**What you have to do**
In the material below, find the span from the line with "Жіночі кросівки New" to the line with "Ein Schwarm in" and transcribe only those lines, exactly, ends included, without the pictures.

**Supplied entries**
'''

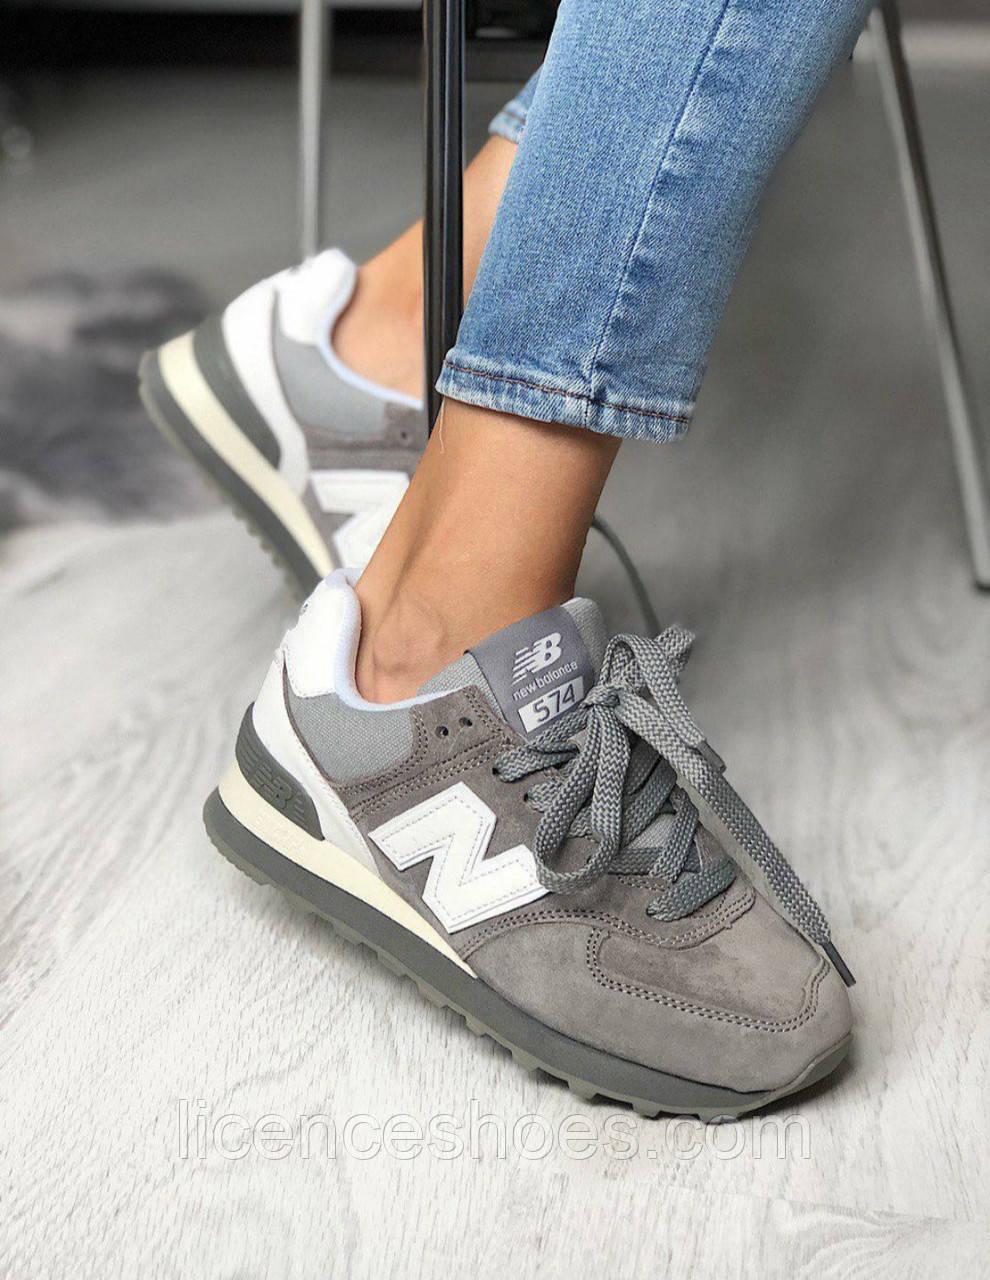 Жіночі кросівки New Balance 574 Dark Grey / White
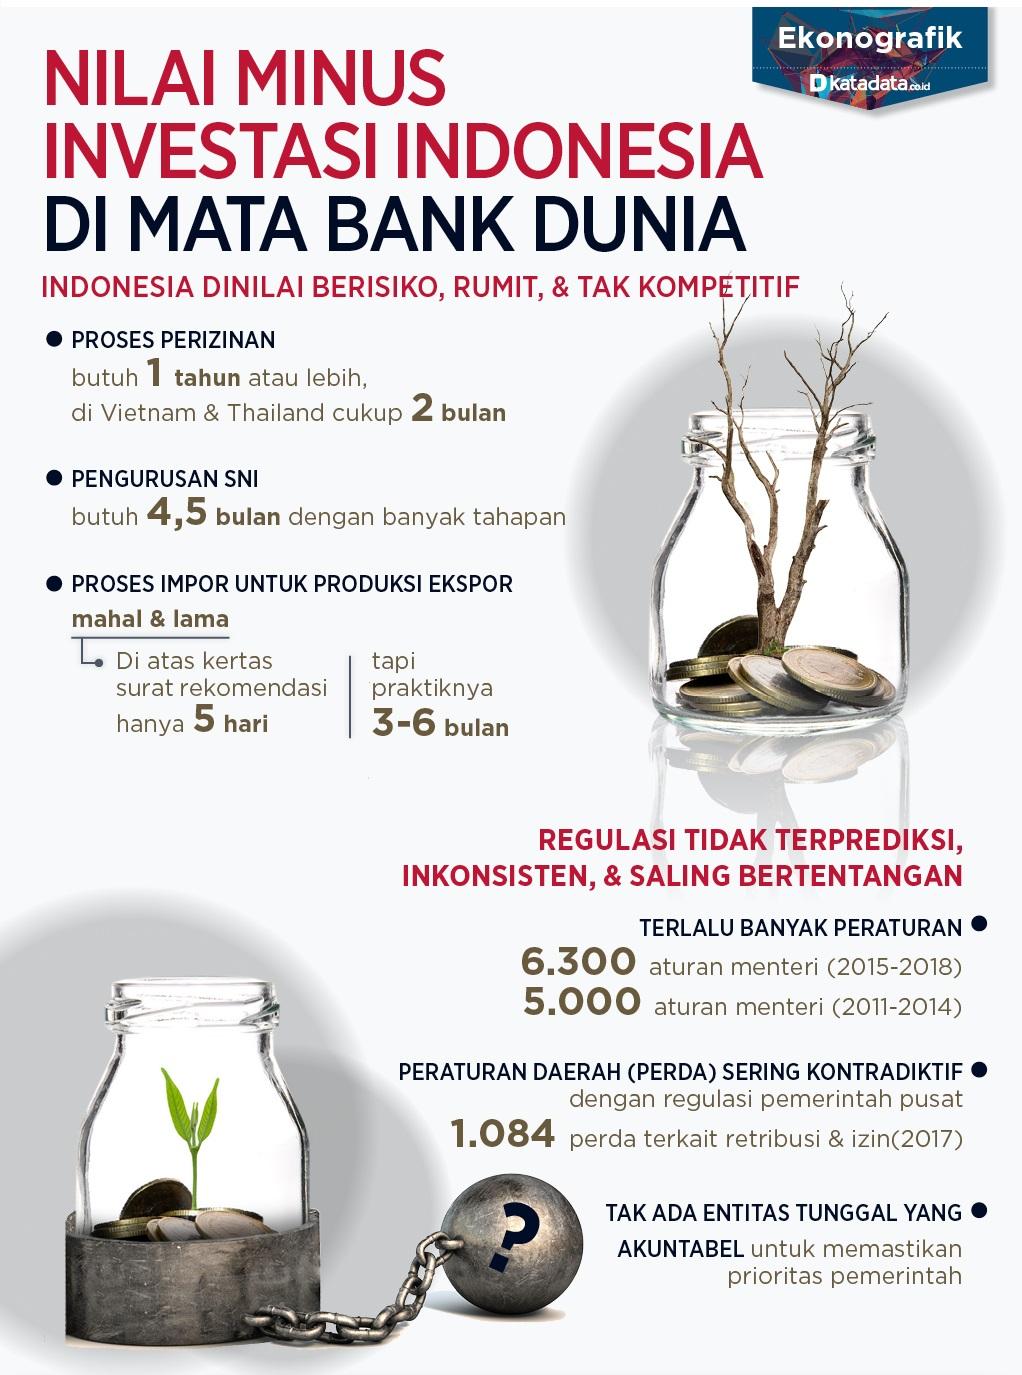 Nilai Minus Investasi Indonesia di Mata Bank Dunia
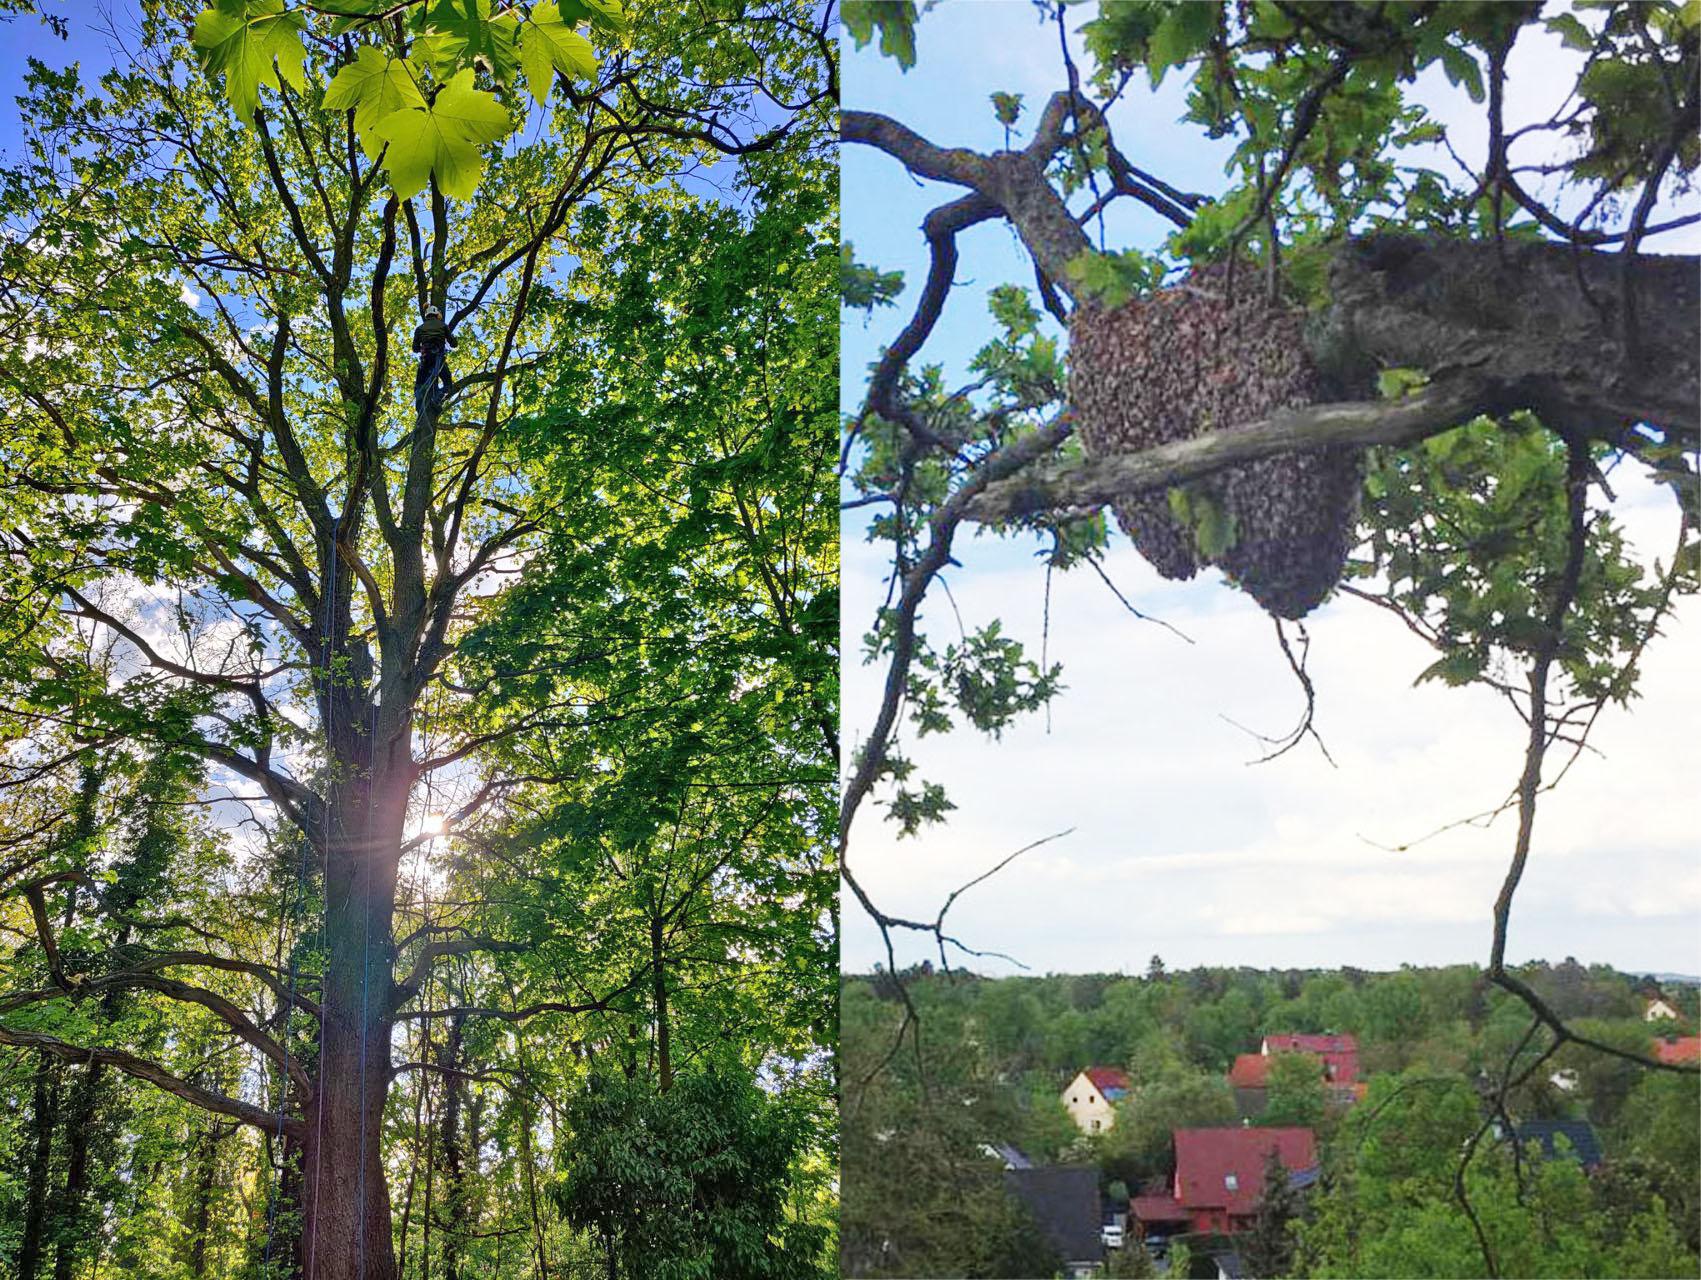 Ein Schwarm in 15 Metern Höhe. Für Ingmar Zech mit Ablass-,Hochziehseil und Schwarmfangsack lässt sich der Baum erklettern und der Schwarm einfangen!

'''
'''

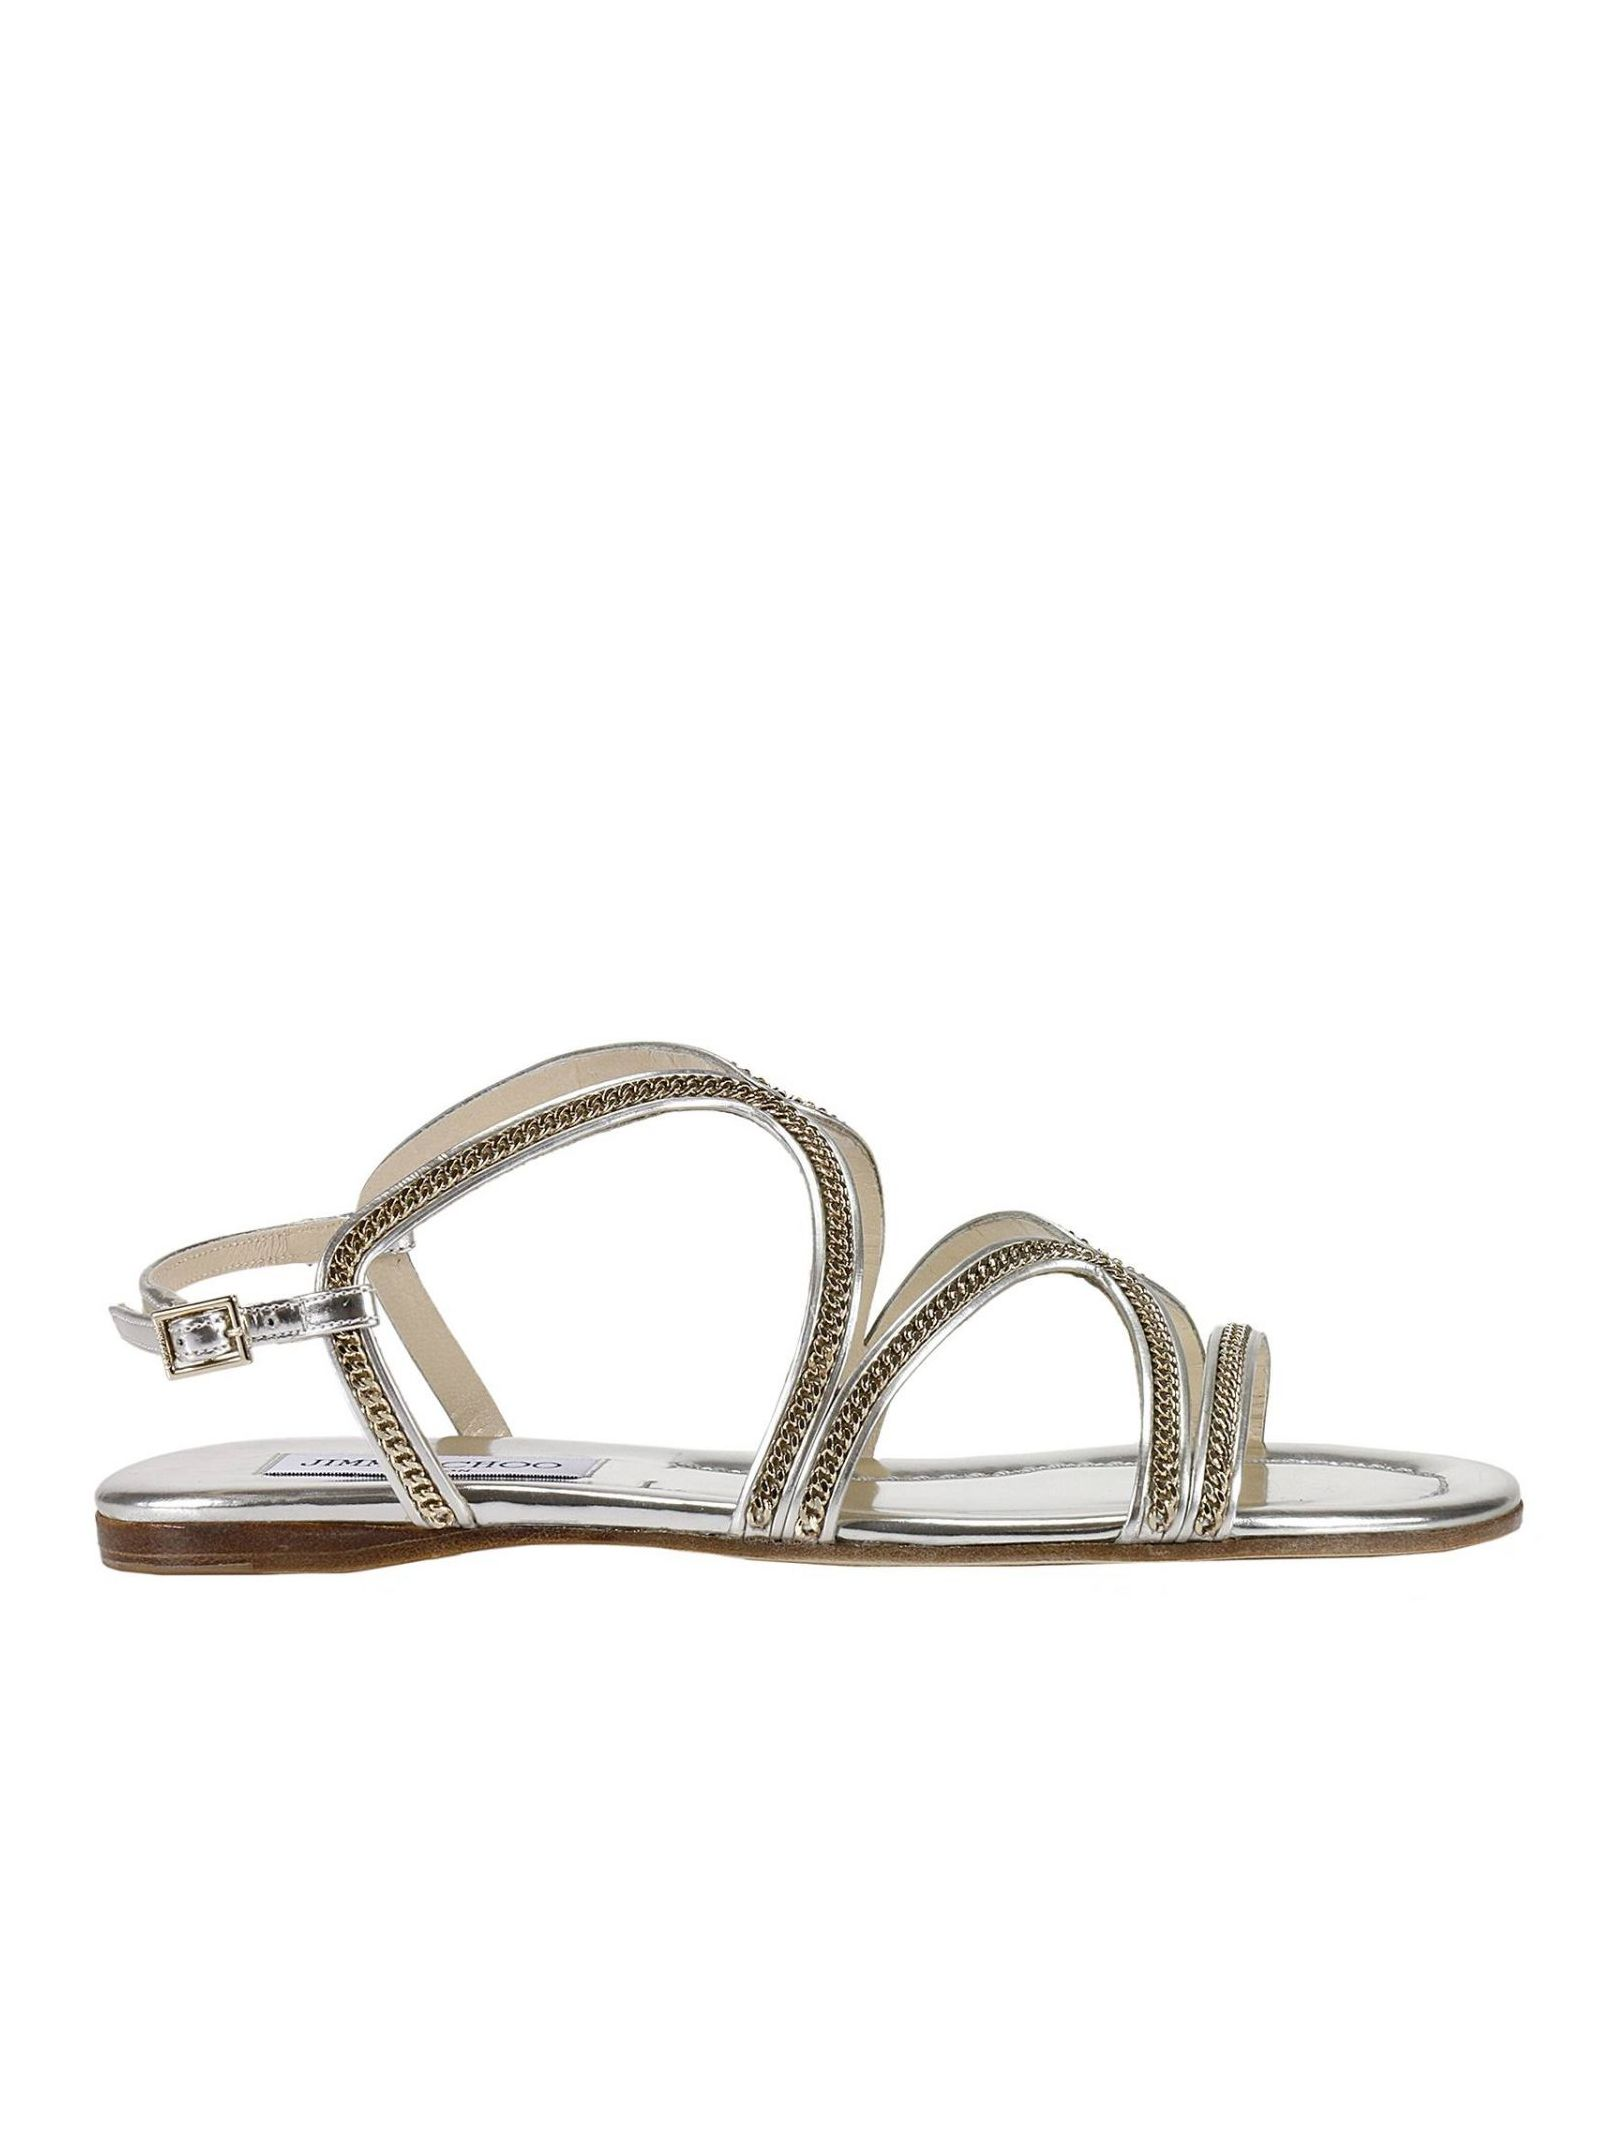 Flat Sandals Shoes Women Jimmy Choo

'''

**Task answer**
 Жіночі кросівки New Balance 574 Dark Grey / White
 Nilai Minus Investasi Indonesia di Mata Bank Dunia
 Ein Schwarm in 15 Metern Höhe. Für Ingmar Zech mit Ablass-,Hochziehseil und Schwarmfangsack lässt sich der Baum erklettern und der Schwarm einfangen!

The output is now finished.